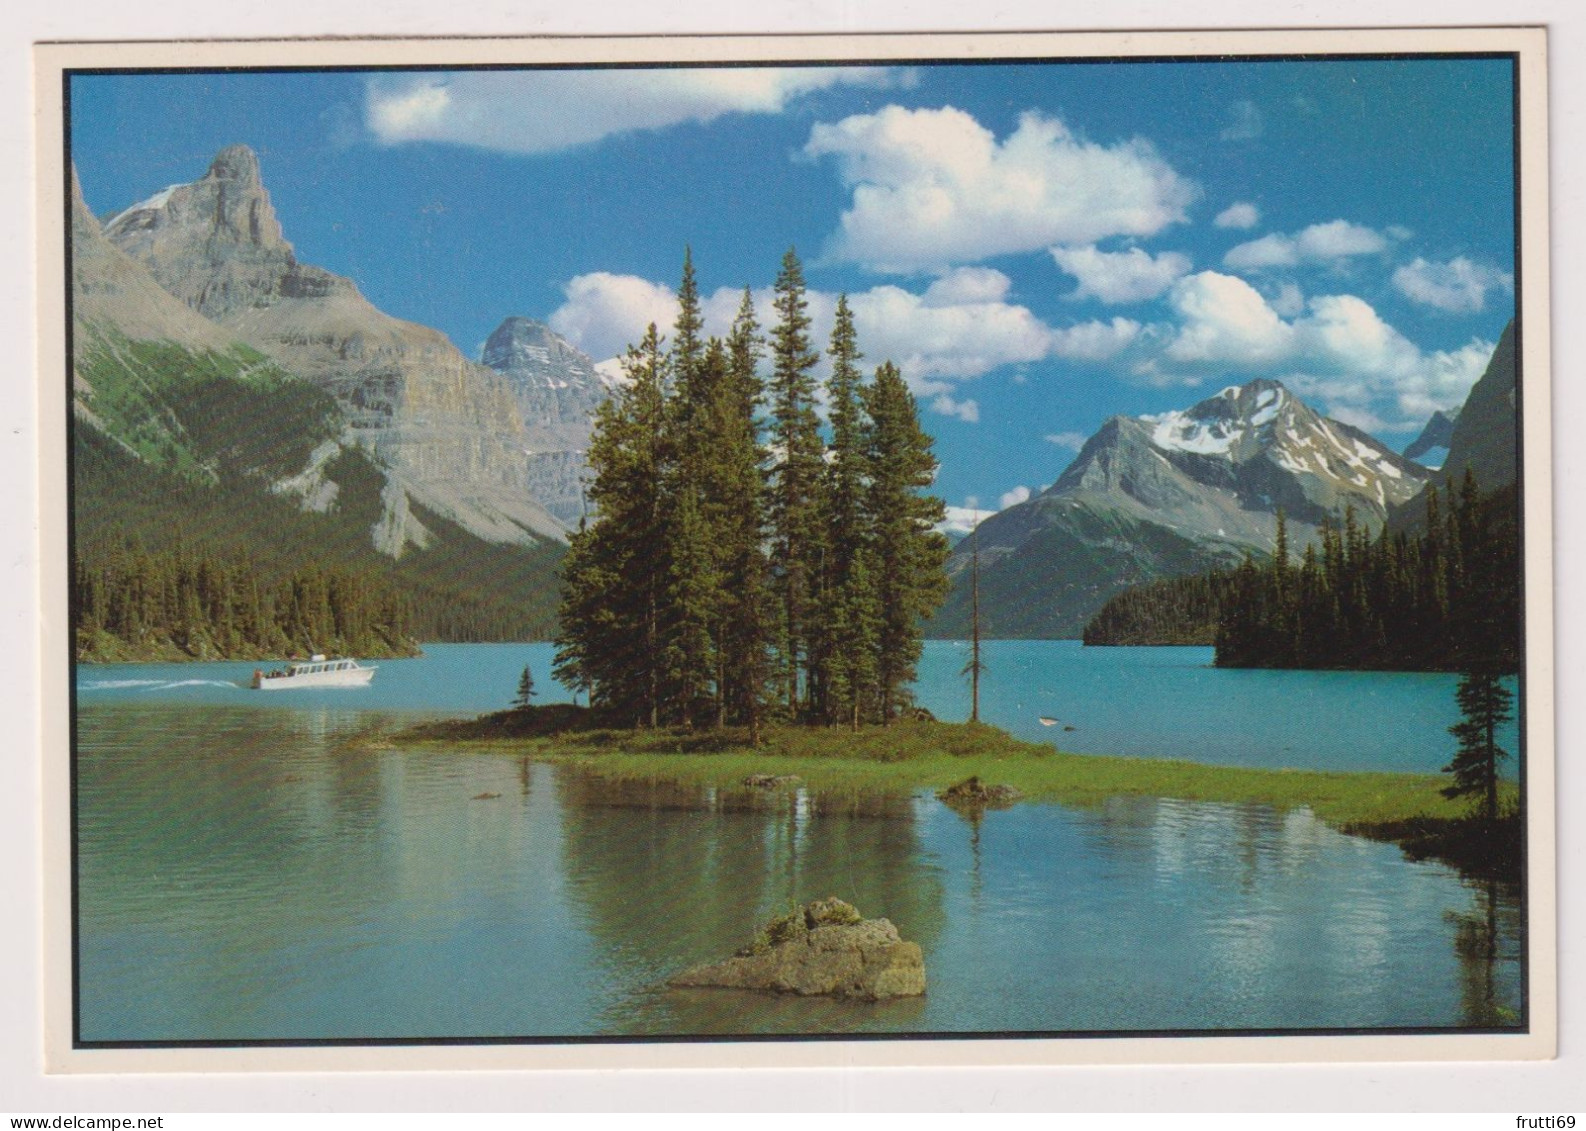 AK 199311 CANADA - Alberta - Jasper National Park - Maligne Lake - Jasper
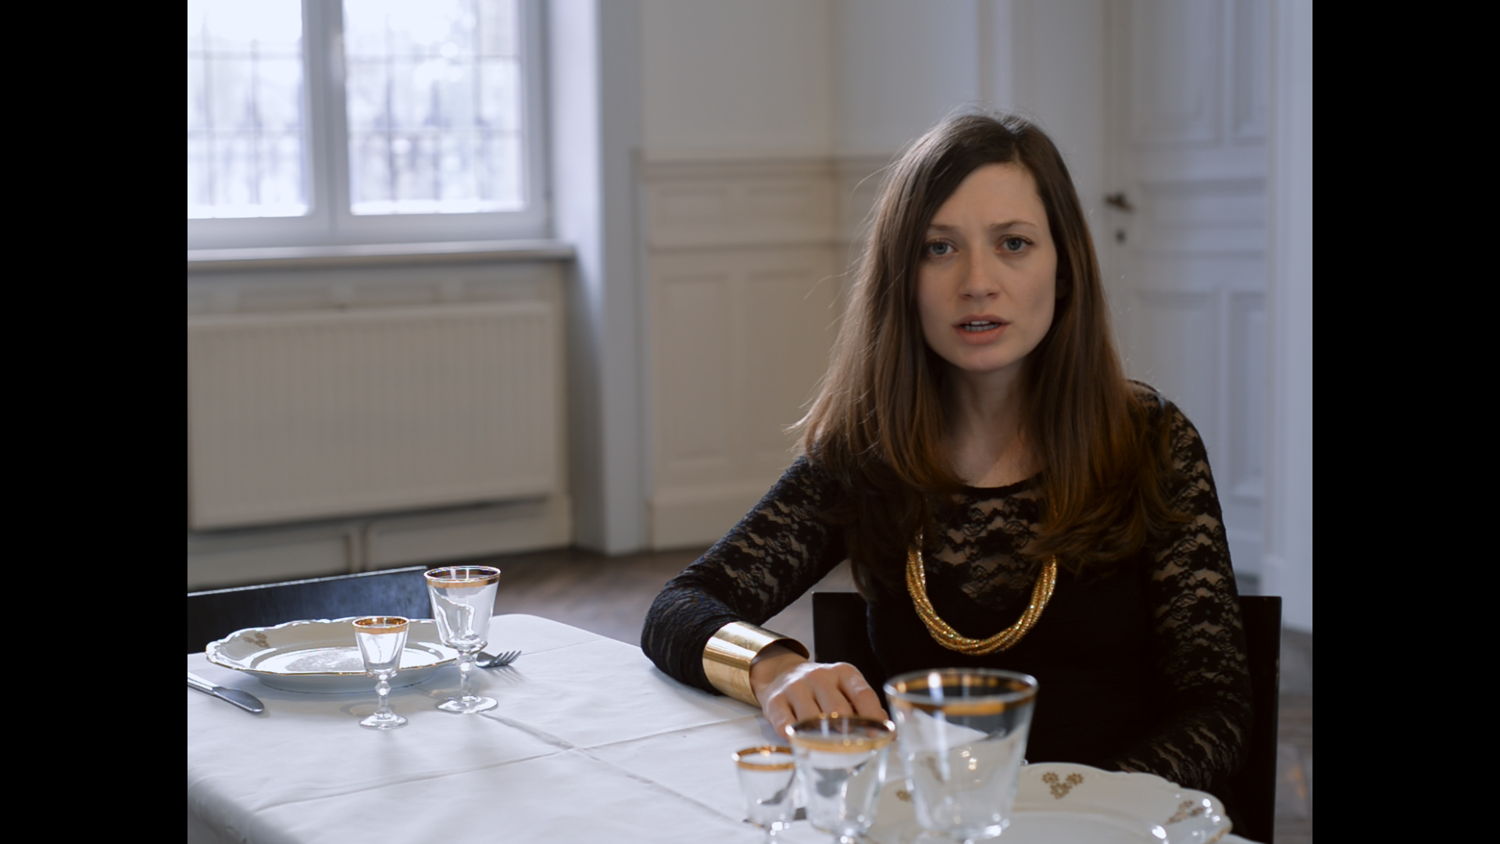 Ariane Loze, Le Banquet, projection vidéo HD, son, couleurs, 17’45’’, 2016. © Ariane Loze. Courtesy de l’artiste et de la galerie Michel Rein Paris/Bruxelles
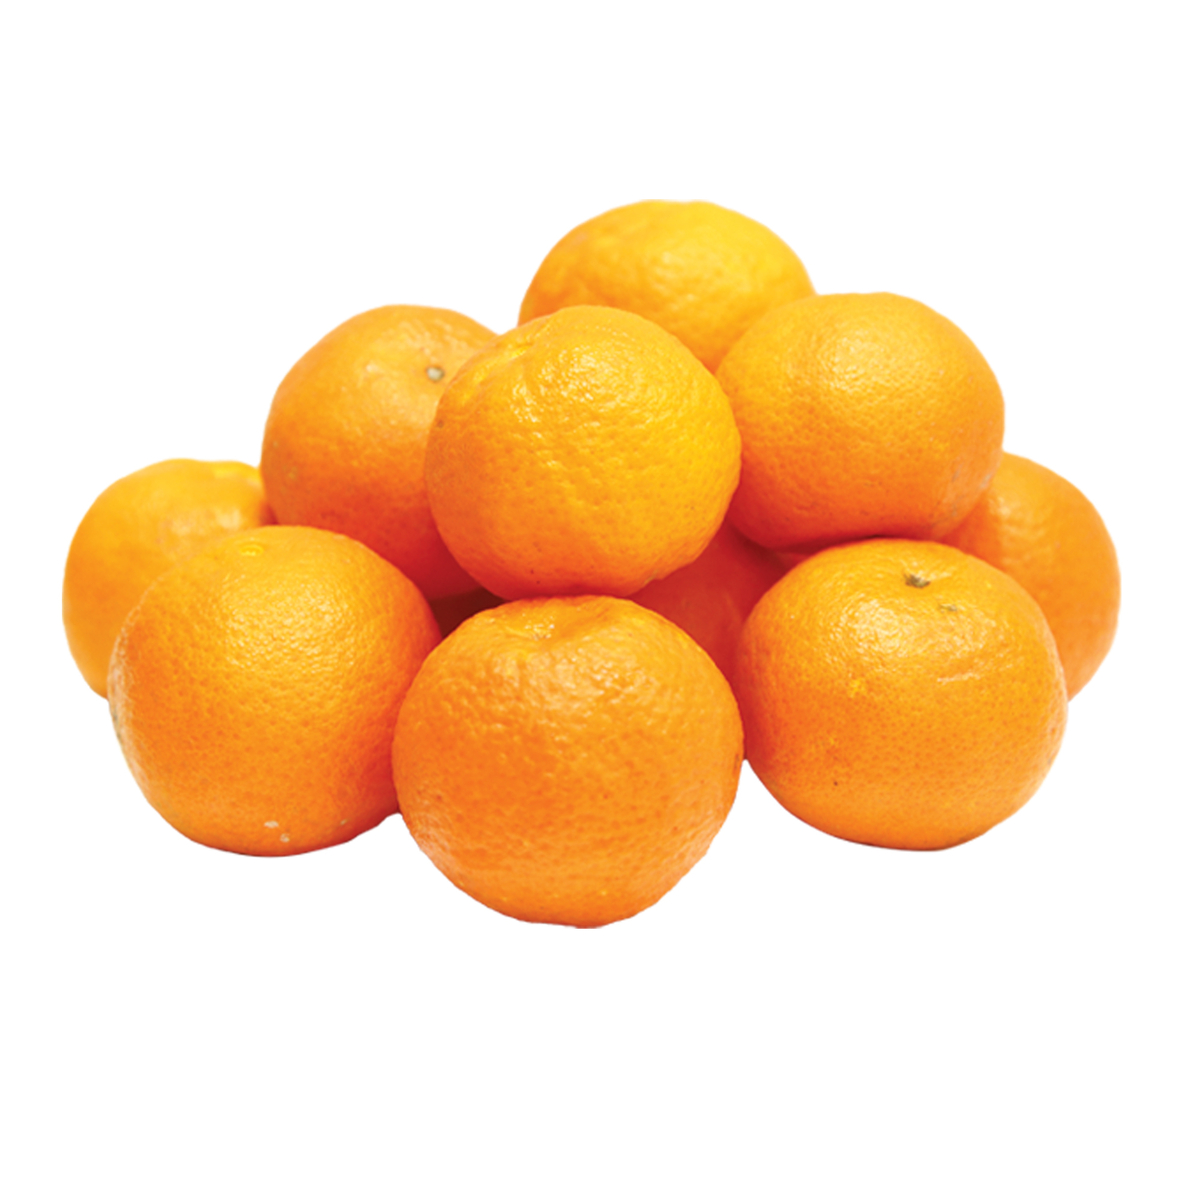 اشتري قم بشراء مندرين موركوت مصري 1 كجم Online at Best Price من الموقع - من لولو هايبر ماركت Citrus Fruits في الكويت
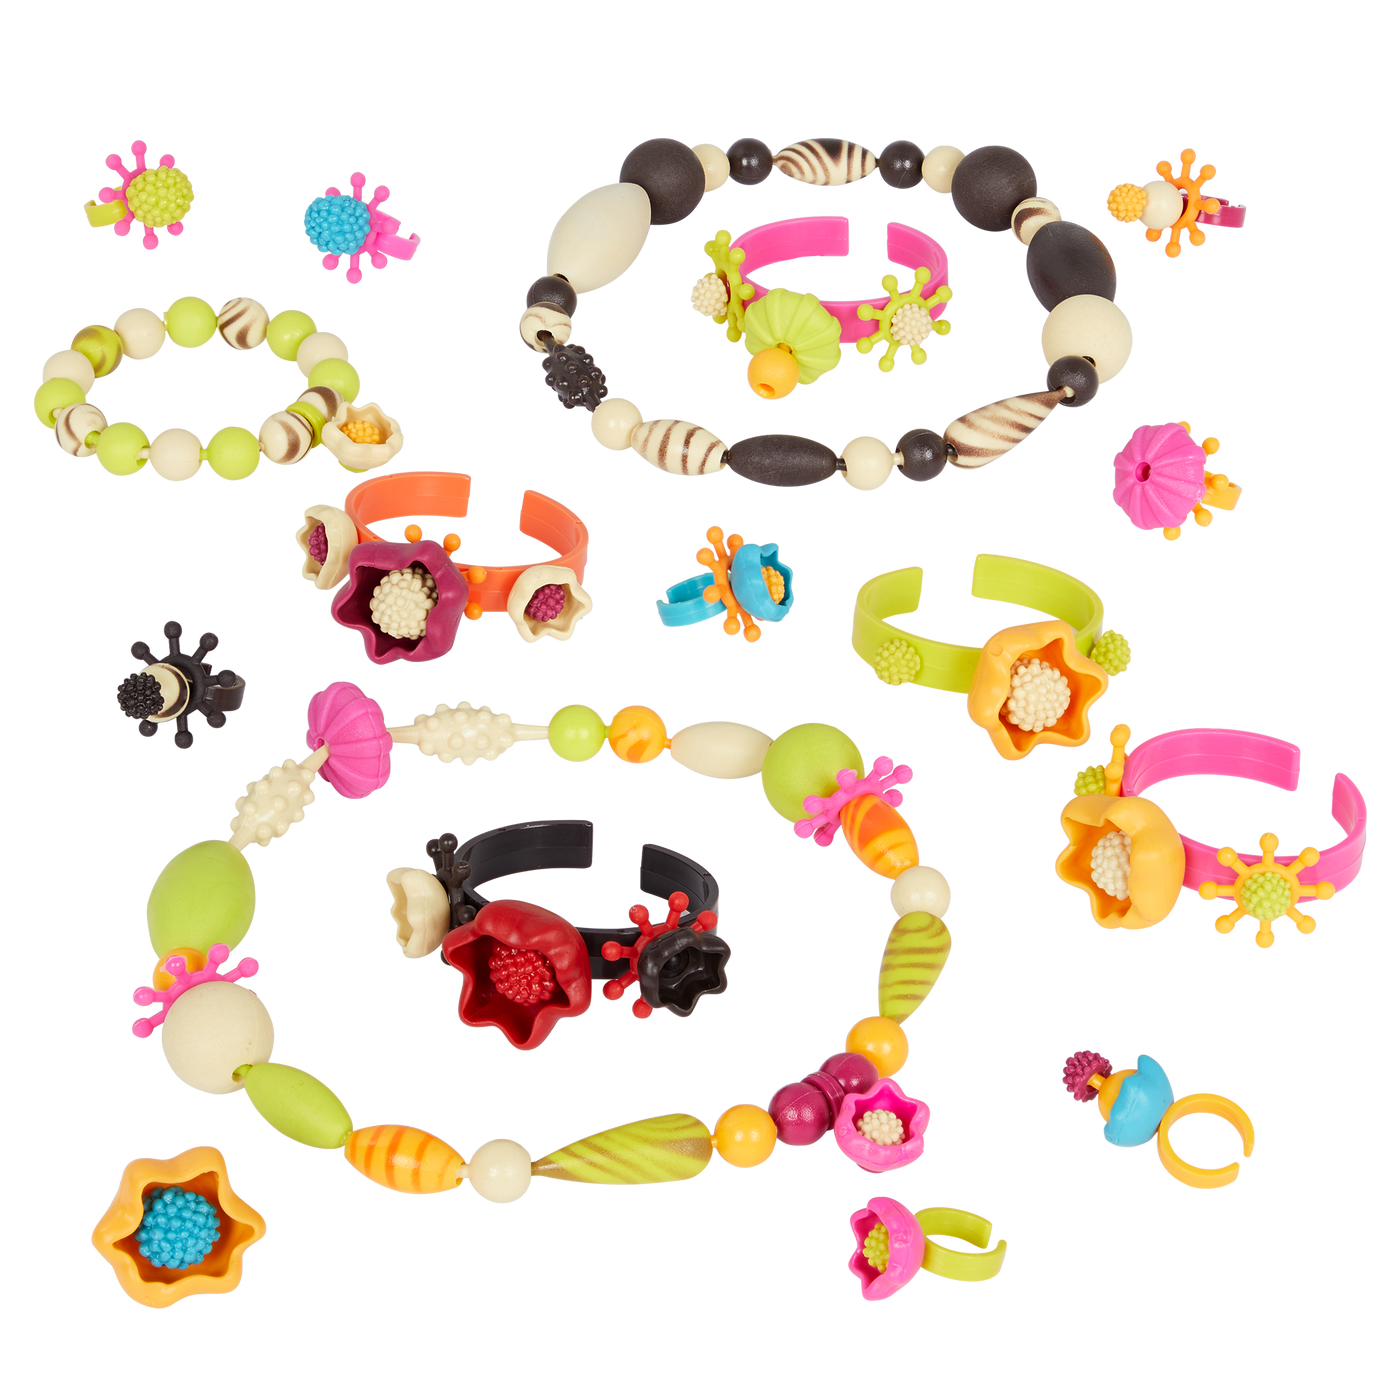 Toy jewelry kit

Goal of the exercise: The data is to be restated word for word, with any pictures set aside.

Answer:
 AK 199311 CANADA - Alberta - Jasper National Park - Maligne Lake - Jasper
 Ariane Loze, Le Banquet, projection vidéo HD, son, couleurs, 17’45’’, 2016. © Ariane Loze. Courtesy de l’artiste et de la galerie Michel Rein Paris/Bruxelles
 اشتري قم بشراء مندرين موركوت مصري 1 كجم Online at Best Price من الموقع - من لولو هايبر ماركت Citrus Fruits في الكويت
 Toy jewelry kit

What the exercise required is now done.